I have written a couple of posts here and here about the problems and dangers of using Power Query with Power Pivot. Well I am very pleased to say that I now fully understand the problem, how it is caused and how it can be avoided.
Edit: Nov ’15. Microsoft has released a fix to prevent this problem occurring.
First a Clear Statement of the Problem
You use Power Query to create a table and load it into Power Pivot. You only load a subset of columns to start with.
All is fine for a while and you create a whole lot of DAX formulae – life is sweet. You add new rows to your Power Query Table and refresh the data into Power Pivot – not a care in the world.
Then one day you need to make a change in Power Query (eg to bring in another column of data that you left out originally). You go into Power Query and make a change to your table to bring in a new column.
You save, close and load and then BAM – you get the following dreaded error message. You didn’t even see it coming before it hit you right between the eyes.
Exception occurred. (Exception from HRESULT: 0x80020009 (DISP_E_EXCEPTION))
The only option now is to remove the table from Power Pivot and then reload it. When you do this you lose all your relationships, all your measures in the table, all your calculated columns you created in the table (not that you should have any of those – right?!)
What causes this?
It is very easy to prevent this happening if you know what causes it. This is one of the many high value things I learnt at the PASS BA Conference in San Jose in April 2015 (in 2 separate sessions – one by Chris Webb and one by Miguel Llopis) . So what causes the problem? The issue is caused when you make structural changes to the table in BOTH Power Query and Power Pivot.
Let’s work through the problem.
When you first load data from Power Query into Power Pivot, a ‘connection’ between to the 2 applications is created.

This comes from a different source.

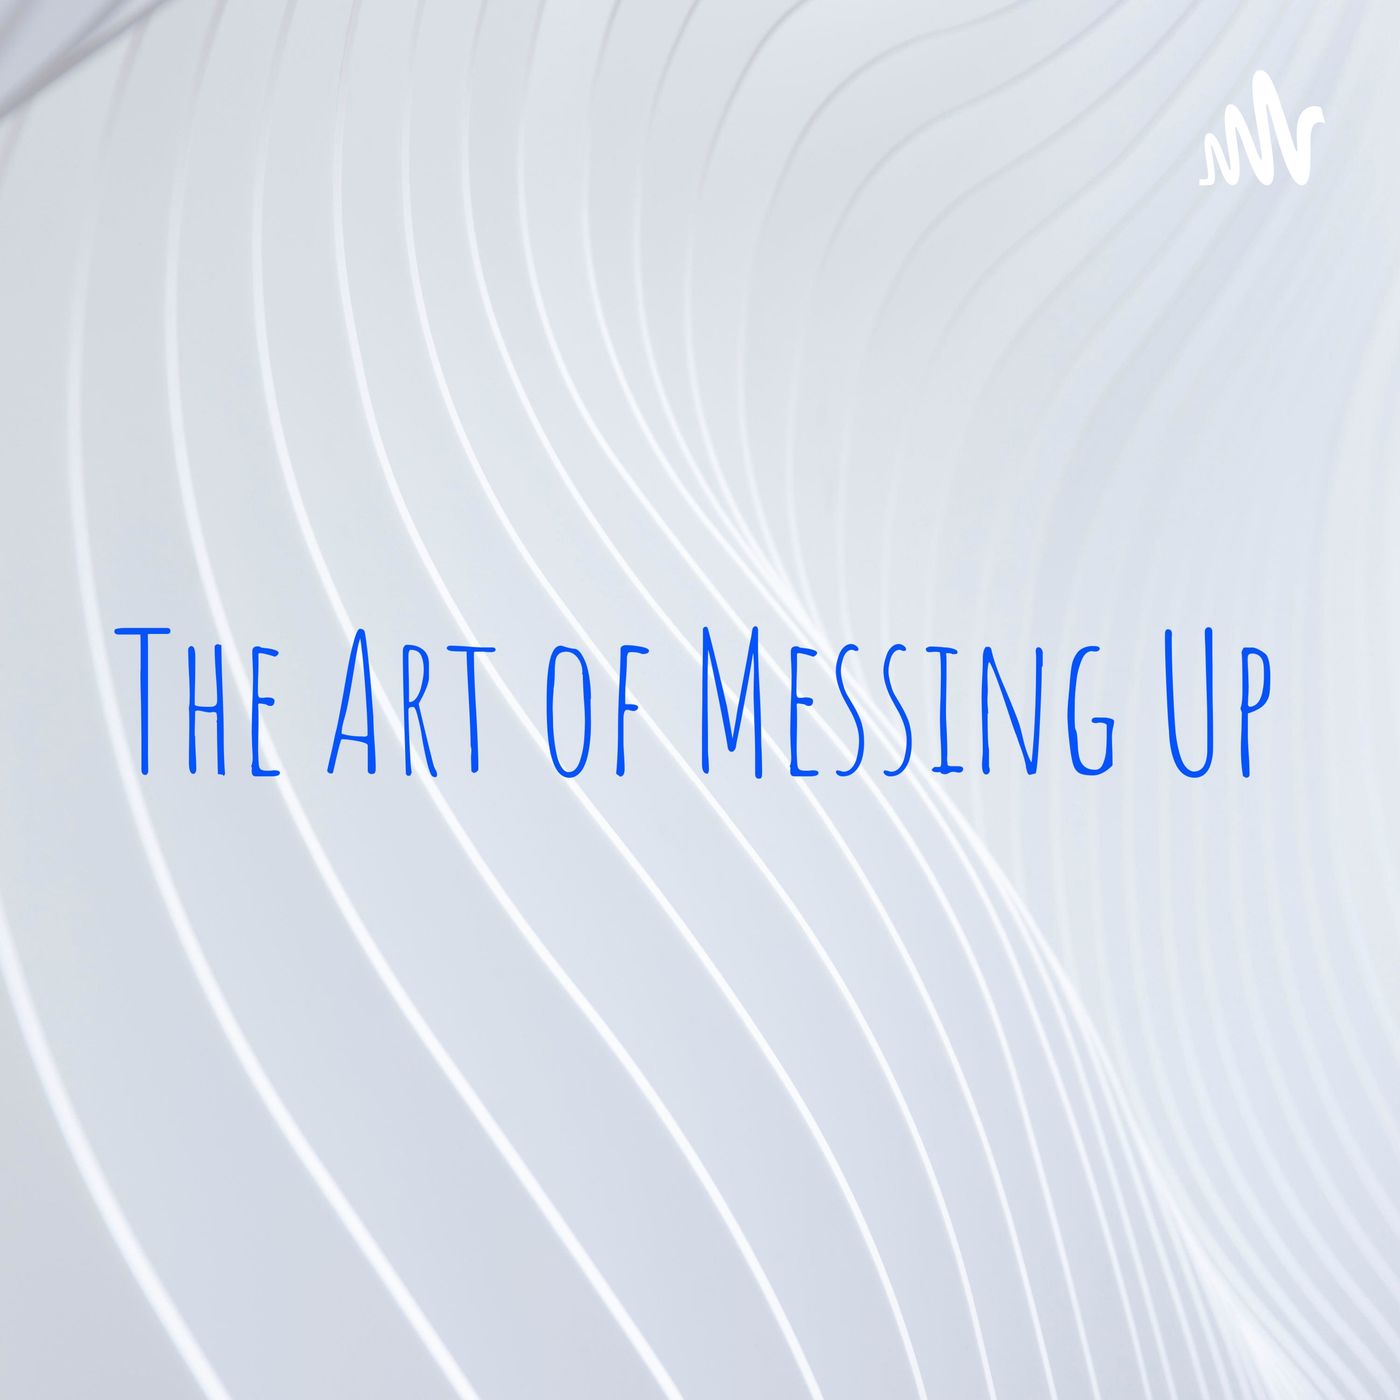 The Art of Messing Up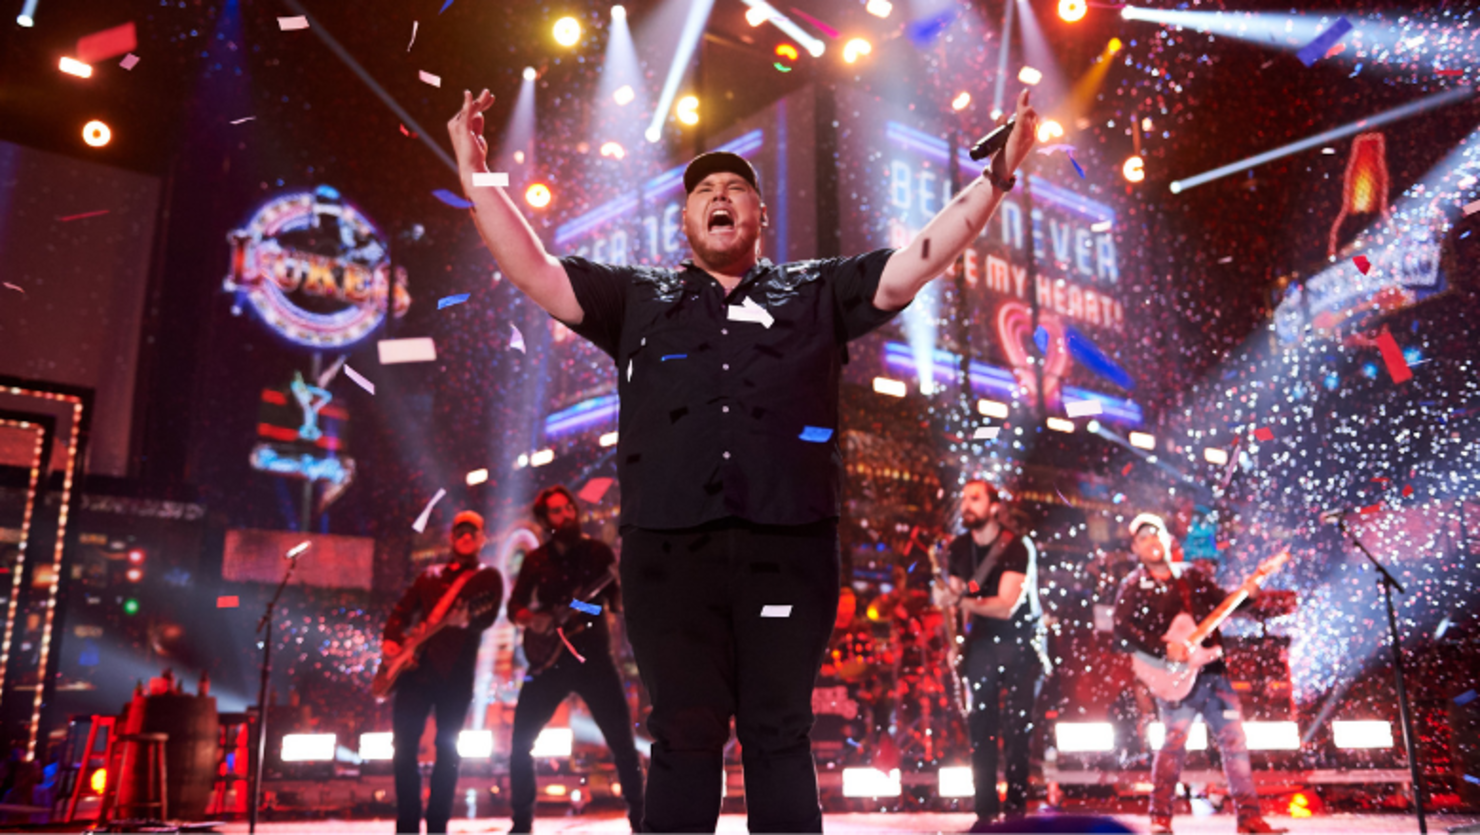 Luke Combs Announces New Album Coming This Fall

You can see this connection from inside Excel on the Data Tab. See example below. Note how the connection string can be selected with the mouse.
Then you innocently make a change in Power Pivot without realising it is a problem
This is where the real problem is caused. If you make ANY CHANGES inside of Power Pivot to the structure of the original Power Query table, then Power Pivot will change the connection from being “editable” to being “read only”. If you then try to make any structural changes to Power Query AFTER the connection is set to read only, this error is then triggered. Once the connection is read only, the only thing you can do is “refresh” the model to add new rows of data. No further structural changes can be made to the table in Power Query after the connection is set to ‘read only’.
All of the following changes in Power Pivot will trigger the problem (careful, there may be more).
- Changing the table name in Power Pivot
- Changing an imported Column Name in Power Pivot
- Deleting a column in Power Pivot
Note that it is quite OK to create a calculated column inside of Power Pivot (although I wouldn’t recommended it – that is what Power Query is for).
And a big part of the problem is that you make the change inside of Power Pivot and you don’t even realise there is a problem – there is nothing to warn you or tell you that the connection has been changed to read only. It could be weeks or months later that you make the change to Power Query and trigger the dreaded message. By this time you have completely forgotten about the change you innocently made in Power Pivot.
So how do you know if you have a problem?
So by the time you get to this point, you probably realise that you may already have a problem that you don’t know about. To check, you need to take a look at the connection string between Power Query and Power Pivot. The easiest way to do this is is to goto ExcelDataConnectionsPropertiesDefinition and check the connection string (just like the example in the previous image). If you see that the connection string is ‘greyed out’ – ie not selectable and also there is a message stating properties can’t be changed, then this confirms you have a problem and it is already too late.
Time to move on with confidence
I have to say that since I have learnt the problem, I have re-engaged with Power Query like never before. I now use Power Query with confidence as a data provider to Power Pivot and I have not had 1 single instance of a problem since. The simple solution is to never ever make any changes inside Power Pivot to a table you have imported from Power Query. Take this precaution and you will never have a problem again. You can make all the changes you need directly in Power Query as long as you only use Power Query and never make structural table changes in Power Pivot. There is nothing you can’t do in Power Query anyway, so this is not a limitation in any way.
I hope this post will give you the confidence to do the same.